Porque haviam parado? Não o achavam digno de vê-los trepando ? Porque interromperam o espetáculo?Não viam que eu queria que continuassem, que queria me embebedar desse grotesco? Pedrinho se aproximou, e com a raiva a vibrar-lhe nos músculos, deu um soco na cara do rapaz, que caiu no chão . Sua mulher gritou histérica. Que voz irritante , meu deus. Então, ele saiu do quarto ,e foi para rua, a pé mesmo, na calçada em frente ao prédio.

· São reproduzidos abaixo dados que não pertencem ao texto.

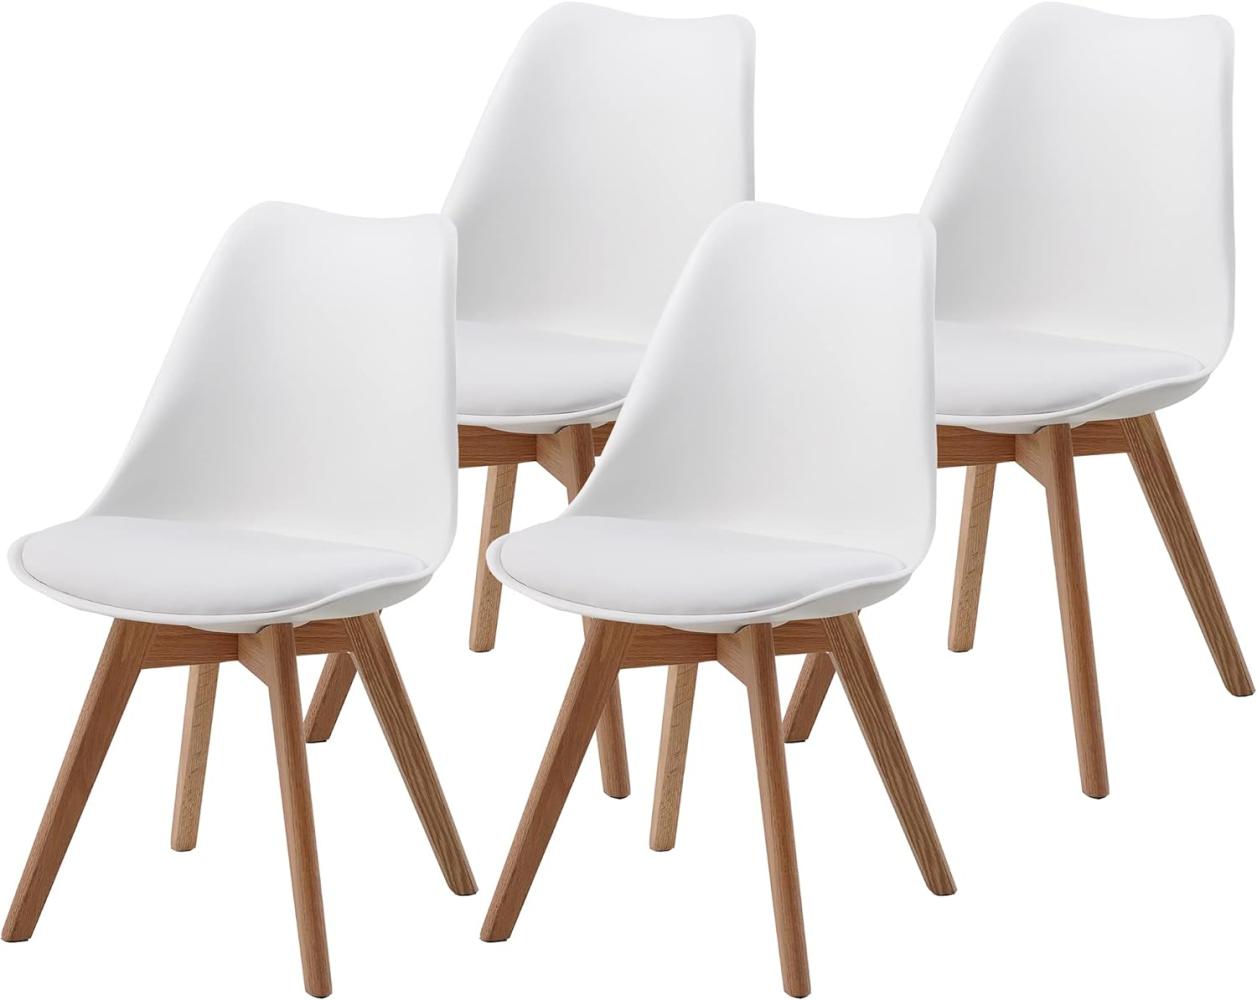 ALBATROS Esszimmerstühle AARHUS 4-er Set, Weiss mit Beinen aus Massiv-Holz, Eiche, skandinavisches Retro-Design Bild 1

Parado na rua, muitos passavam, de um lado para o outro, indo e voltando, o som de uma buzina, um pássaro na arvore, o porteiro do prédio, o som rústico de um ônibus, um motoqueiro que passa veloz, um ambulante que lhe oferece um refrigerante, uma senhora se arrastando em cima de um salto, uma criança com um algodão doce, um bebê que chora, um aleijado que pede uma esmola, um conversível vermelho, um fusca azul velho e sujo, um poste e uma lixeira, um apito e um policial, o céu sob tudo isso e o chão bem abaixo. Em um raio compreendeu tudo.
Estava sonhando.
O mundo se dissolveu naquela névoa de irrealidade. Estou sonhando, nada disso é real, nunca foi, eu que não acordei hoje de manhã. Estou do lado da minha mulher, no lado esquerdo da cama, como sempre estive e sempre estarei. Eu quero acordar, quero acordar, porque de sonhos já me basta, não quero sentir assim ,como se tudo tivesse uma cor ou uma vida, quero a minha vida de volta, quero ser o que sempre fui, quero meu lugar-comum, minha mediocridade, quero tudo de volta.

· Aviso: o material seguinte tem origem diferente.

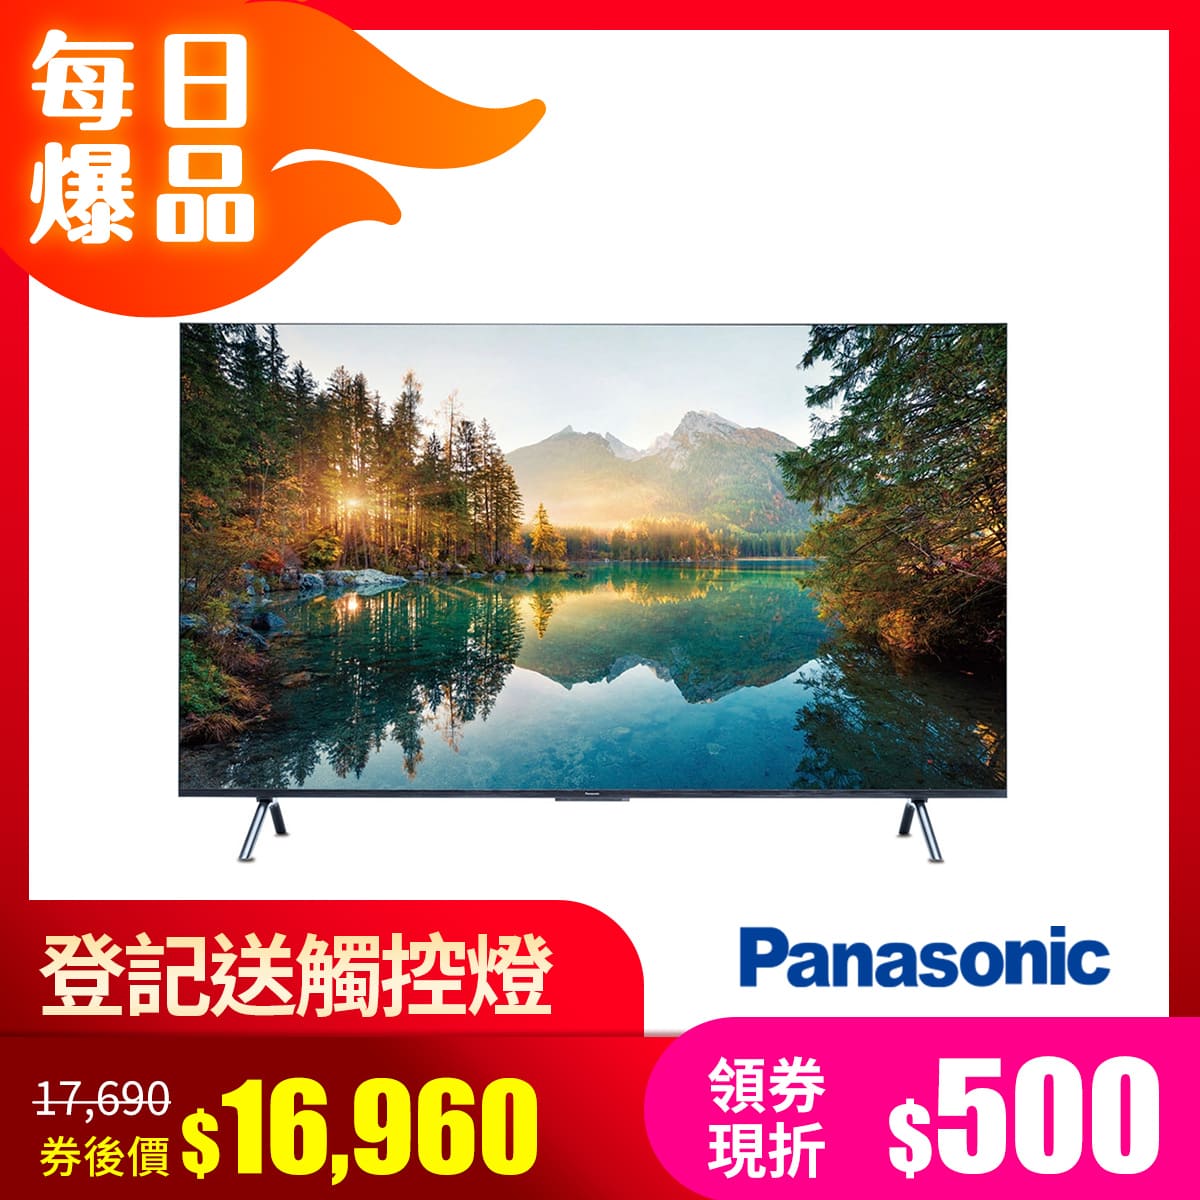 Panasonic 50型 4K六原色智慧聯網顯示器

E não sabia como ia acordar. Andou ate a praia ali perto, e de roupa social mesmo se jogou no mar. Mergulhou e mergulhou, sentindo a água fria, nadando debaixo dela. Mas não acordava. E se eu nunca acordar? Se estiver condenado a esse mundo? Não seja tolo, todo mundo acorda, não existe sono que seja eterno, só a morte, mas se estivesse morto não estaria sonhando. E mergulhou de novo ,de novo , até se cansar e se sentou na areia.
Beliscou-se até se machucar. Nada.Foi parar em um barzinho, tomou um café. Nada. De volta pra praia, lembrou-se de um sonho. Antigo, já o sonhara mais de uma vez. Estava caindo de um prédio bem alto, rápido, via o chão de aproximando, e um medo angustiado no coração. E quando estava para tocar a calçada lá embaixo, acordava. Era isso.

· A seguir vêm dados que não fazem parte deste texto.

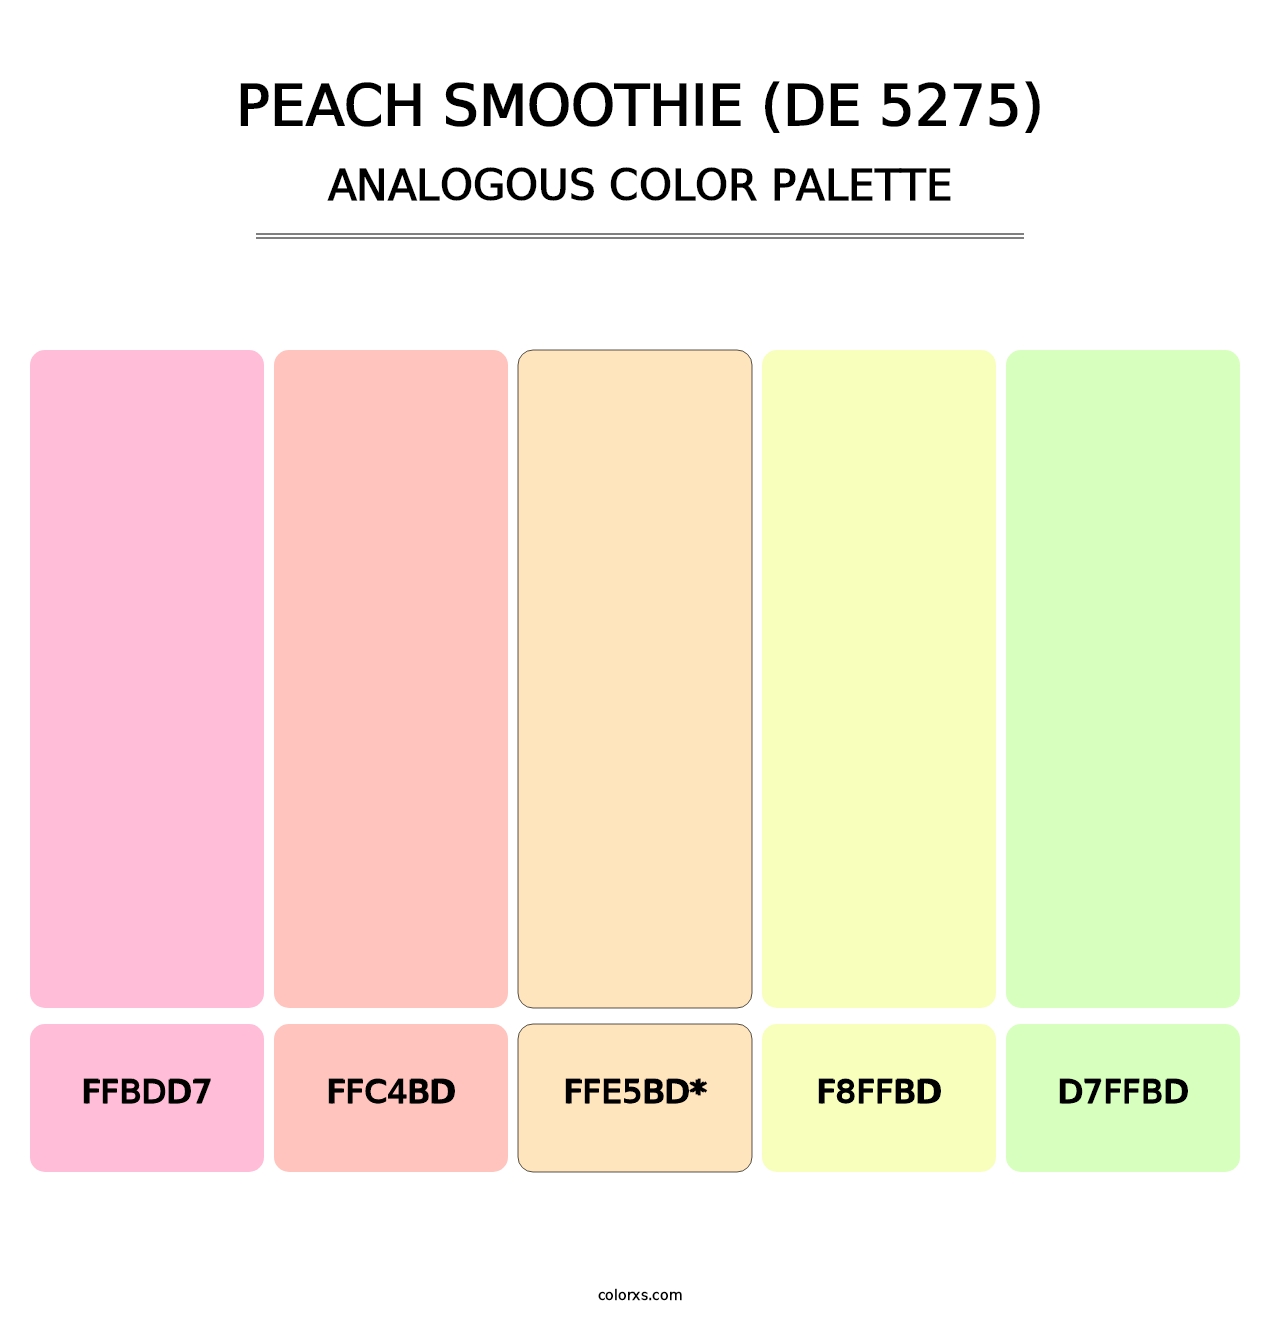 Peach Smoothie (DE 5275) - Analogous Color Palette

Ainda molhado, pegou o carro. Foi até o escritório, estranharam-no entrar no prédio daquele jeito. O elevador não chegava, olhavam-no assustado. Pegou as escadas mesmo, subiu o prédio todo, até o telhado, quatorze andares, e lá subiu no parapeito e olhou para baixo. Hora de acordar.
Ninguém entendeu o suicídio daquele homem. Parecia um sujeito feliz, bem de vida, bem casado. Sua mulher, a secretária, e Pedrinho choraram no seu enterro. Ela ficou feliz com herança, ele também, a amante o amaldiçoou por não ter deixado nada para ela. Até hoje, não sei se ele chegou a acordar.